With the large scale adoption of Large language Models (LLMs) it might seem that we’re past the stage where we had to manually clean and process text data. Unfortunately, me and other NLP practitioners can attest that this is very much not the case. Clean text data is required at every stage of NLP complexity — from basic text analytics to machine learning and LLMs. This post will showcase how this laborious and tedious process can be significantly sped up using Polars.

Polars is a blazingly fast Data Frame library written in Rust that is incredibly efficient with handling strings (due to its Arrow backend). Polars stores strings in the Utf8 format using Arrow backend which makes string traversal cache-optimal and predictable. Also, it exposes a lot of in-built string operations under the str namespace which makes the string operations parallelised. Both of these factors make working with strings extremely easy and fast.

The library shares a lot of syntaxis with Pandas but there are also a lot of quirks that you’ll need to get used to. This post will walk you through working with strings but for a comprehensive overview I highly recommend this “Getting Started” guide as it will give you a good overview of the library.

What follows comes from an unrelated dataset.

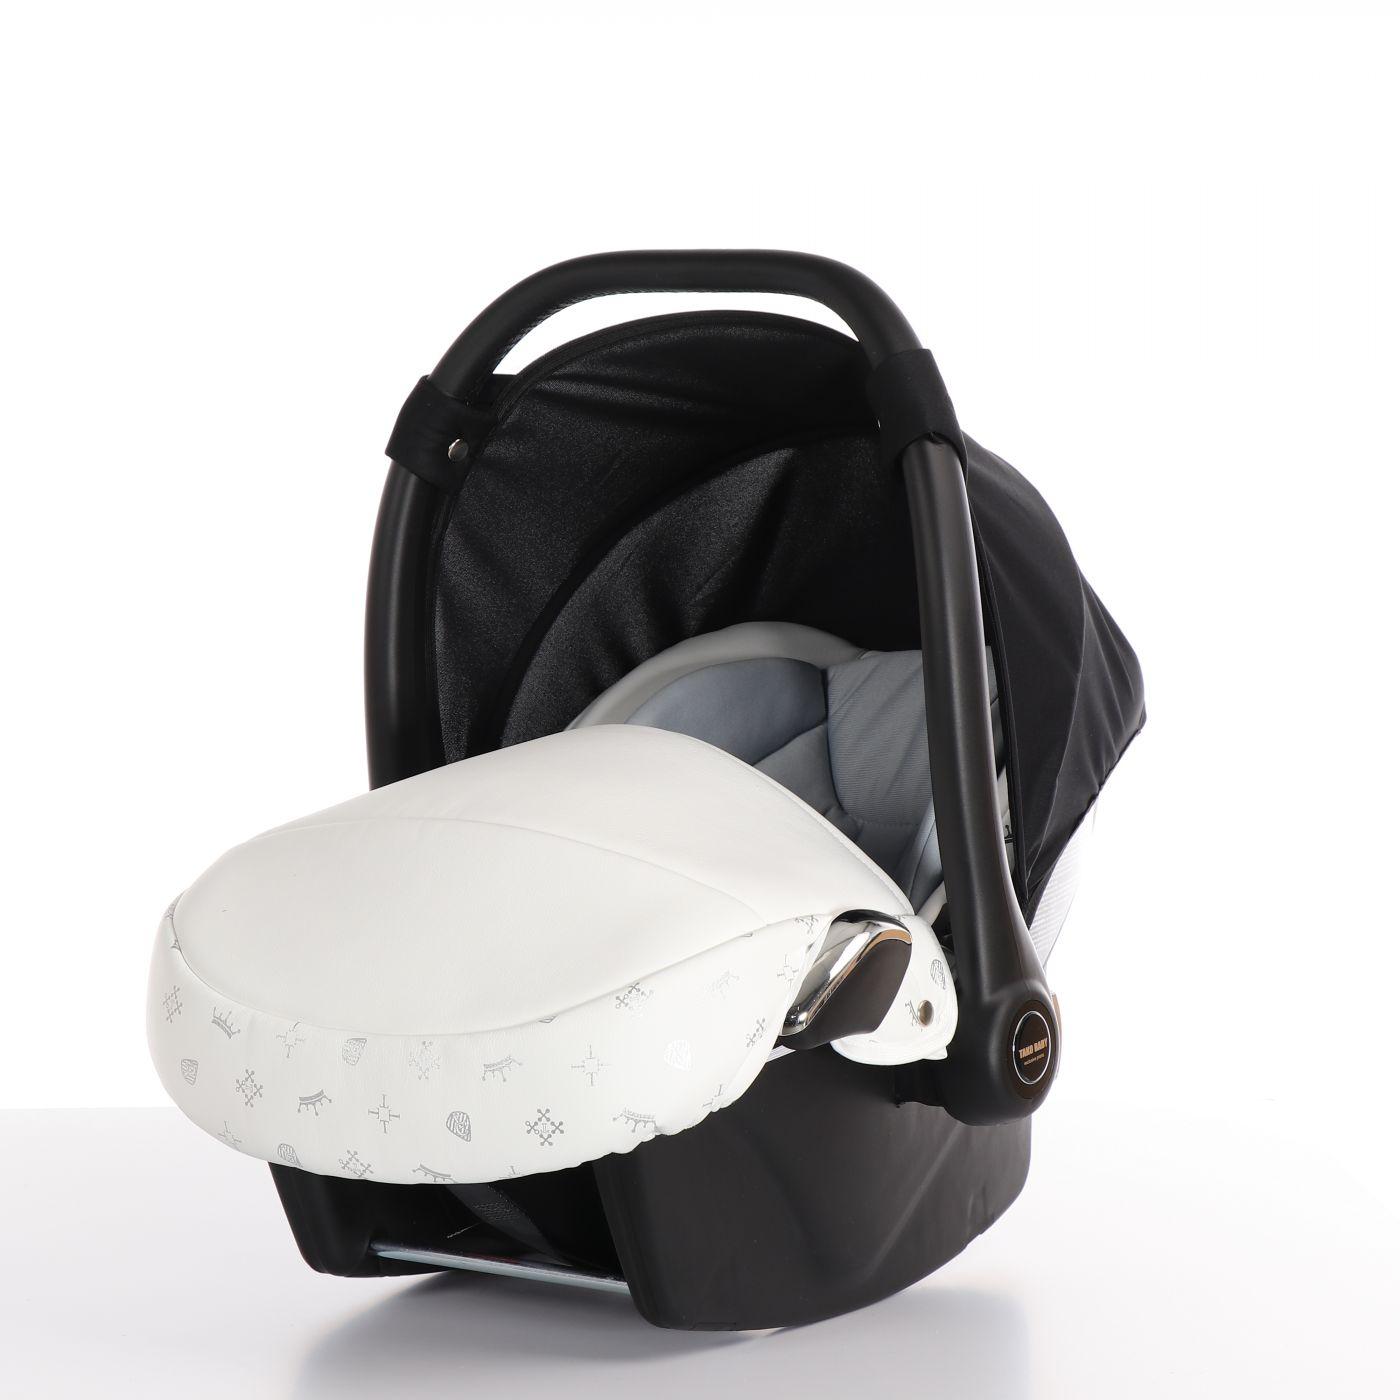 Автокресло TAKO LARET IMPERIAL (Ткань/кожа) белый (ATLI-01)
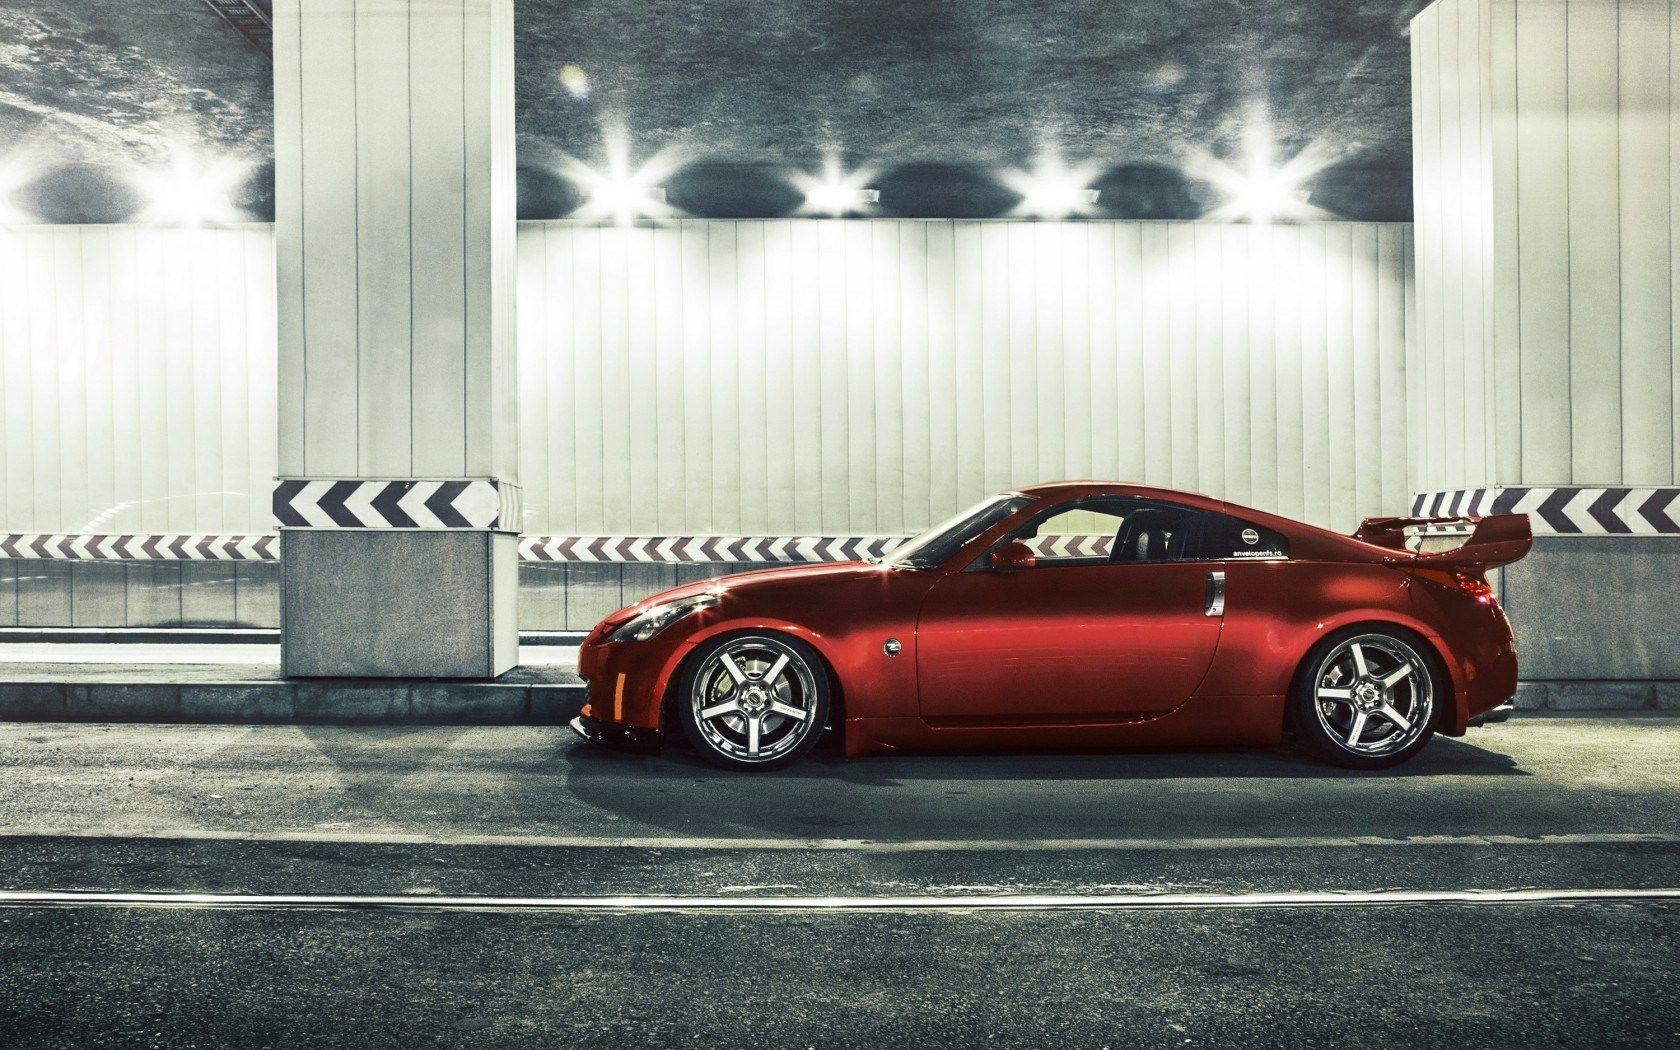 Nissan Z Tuning Car Street Hd Wallpaper

You can find all the code in this GitHub repo, so make sure to pull it if want to code along (don’t forget to ⭐ it). To make this post more practical and fun, I’ll showcase how we can clean a small scam email dataset which can be found on Kaggle (License CC BY-SA 4.0). Polars can be installed using pip — pip install polars and the recommended Python version is 3.10 .

The goal of this pipeline is to parse the raw text file into a DataFrame that can be used for further analytics/modelling. Here are the overall steps that will be implemented:

  1. Read in text data
  2. Extract relevant fields (e.g. sender email, object, text, etc.)
  3. Extract useful features from these fields (e.g. length, % of digits, etc)
  4. Pre-process text for further analysis
  5. Perform some basic text analytics

Without further ado, let’s begin!

Reading Data

Assuming that the text file with emails is saved as fraudulent_emails.txt , here’s the function used to read them in:

def load_emails_txt(path: str, split_str: str = "From r  ") -> list[str]:
with open(path, "r", encoding="utf-8", errors="ignore") as file:
text = file.read()

emails = text.split(split_str)

return emails

If you explore the text data you’ll see that the emails have two main sections

  • Metadata (starts with From r ) that contains email sender, subject, etc.
  • Email text (starts after Status: O or Status: RO )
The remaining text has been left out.